Reference: references/video-generation.md for tool comparison, action clusters, and the InfiniteTalk alternative. references/audio-cleanup.md for audio processing.

Step 5: Lip Sync (Optional but Recommended)

Important: Kling/Veo image-to-video does NOT sync lip movement to external audio. The generated video has generic "talking" mouth motion that won't match your audio track.

For professional results, run clips through a lip sync tool:

  1. Wav2Lip (recommended) -- Open-source, can run locally or via Replicate API
  2. SadTalker -- Alternative with better head motion
  3. Skip this step if using captions that draw attention away from lips, or for rough cuts

See references/video-generation.md for detailed lip sync workflow.

Workflow Phase 4: Post-Production

Goal: Assemble all clips into a final video with transitions, captions, and audio.

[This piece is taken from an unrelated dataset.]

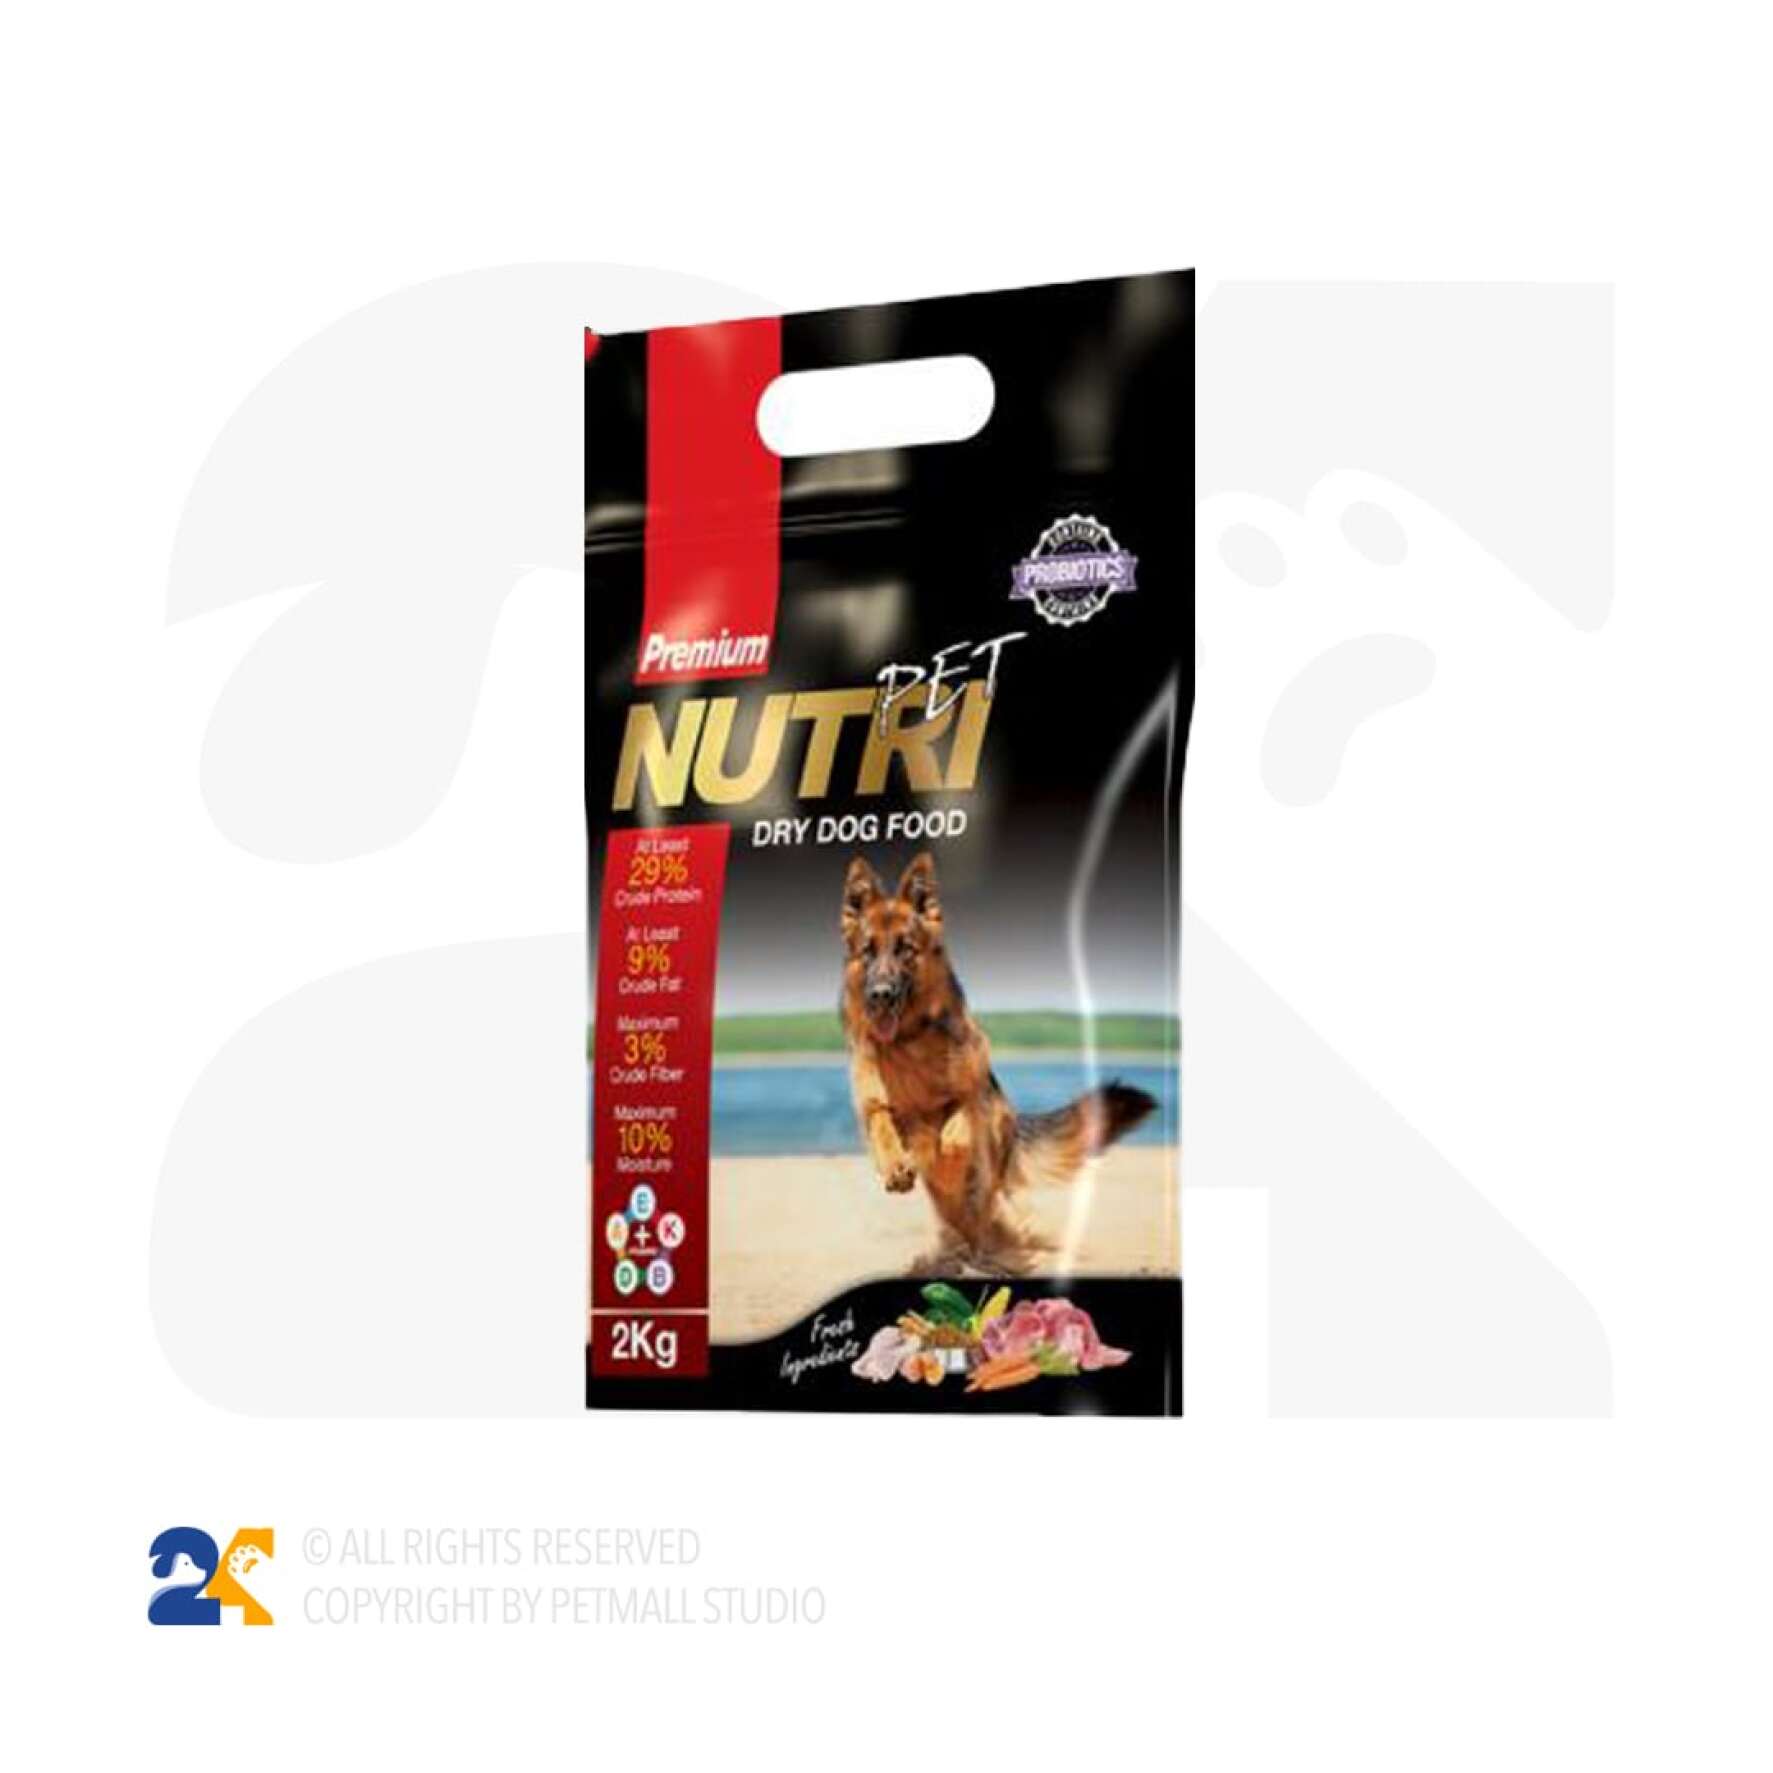  غذای سگ پروبیوتیک نوتری مدل Premium 29 Percent وزن 2 کیلو

If Remotion Skill Is Available

Reference the remotion skill for assembly. The key remotion references for this workflow:

Task Remotion Reference
Clip sequencing references/sequencing.md — Use <Series> or <TransitionSeries>
Transitions references/transitions.md — Cross-fade (0.5s) recommended for talking heads
Captions references/display-captions.md — TikTok-style word highlighting
Caption generation references/transcribe-captions.md — Whisper transcription from audio
Audio mixing references/audio.md — Voice + background music layering
Clip trimming references/trimming.md — Remove generation artifacts at clip edges

Composition setup for talking-head vertical video:

  • Width: 1080, Height: 1920 (9:16)
  • FPS: 30
  • Duration: sum of all clip durations

Jump cut coverage: Where clips transition poorly, use:

  • Cross-fade transitions (0.5s)
  • Brief text overlay or zoom effect
  • B-roll footage if available

If Remotion Skill Is Not Available

Guide the user to assemble manually:

  1. Remotion directly: https://remotion.dev/docs — set up a project with npx create-video@latest
  2. CapCut (free): https://www.capcut.com — drag-and-drop assembly with auto-captions
  3. DaVinci Resolve (free): Professional NLE for manual editing
  4. ffmpeg concat (no transitions):
    printf "file '%s'\n" clip_*.mp4 > filelist.txt
    ffmpeg -f concat -safe 0 -i filelist.txt -c copy output.mp4
    

Reference: references/post-production.md for the full remotion task map and fallback options.

Reference Index

Reference Content
references/script-chunking.md 55-60 syllable method, worked example, filler guidance
references/image-generation.md Nano Banana Pro, imperfection principle, character consistency
references/video-generation.md Kling/Veo comparison, timestamped action clusters, reference frames
references/audio-cleanup.md Adobe Podcast vs Resemble AI, ffmpeg normalization
references/post-production.md Bridge to remotion skill, fallback assembly options
references/prompt-templates.md Full copy-pasteable image and video prompt templates

After Execution

After completing the skill output, score and log feedback using the hybrid pattern: structural evaluation + qualitative check.

Step 1: Structural Score

Run scripts/evaluate.sh — pipe the full skill output to it:

echo "$OUTPUT" | scripts/evaluate.sh

The script checks chunk structure, syllable ranges, image/video prompt markers, and post-production references. Use the JSON result for the structural score.

Step 2: Qualitative Score

On the first run and every 3rd run thereafter, ask the user:

"Did the generated clips match your character consistently? Would you use these prompts without major edits?"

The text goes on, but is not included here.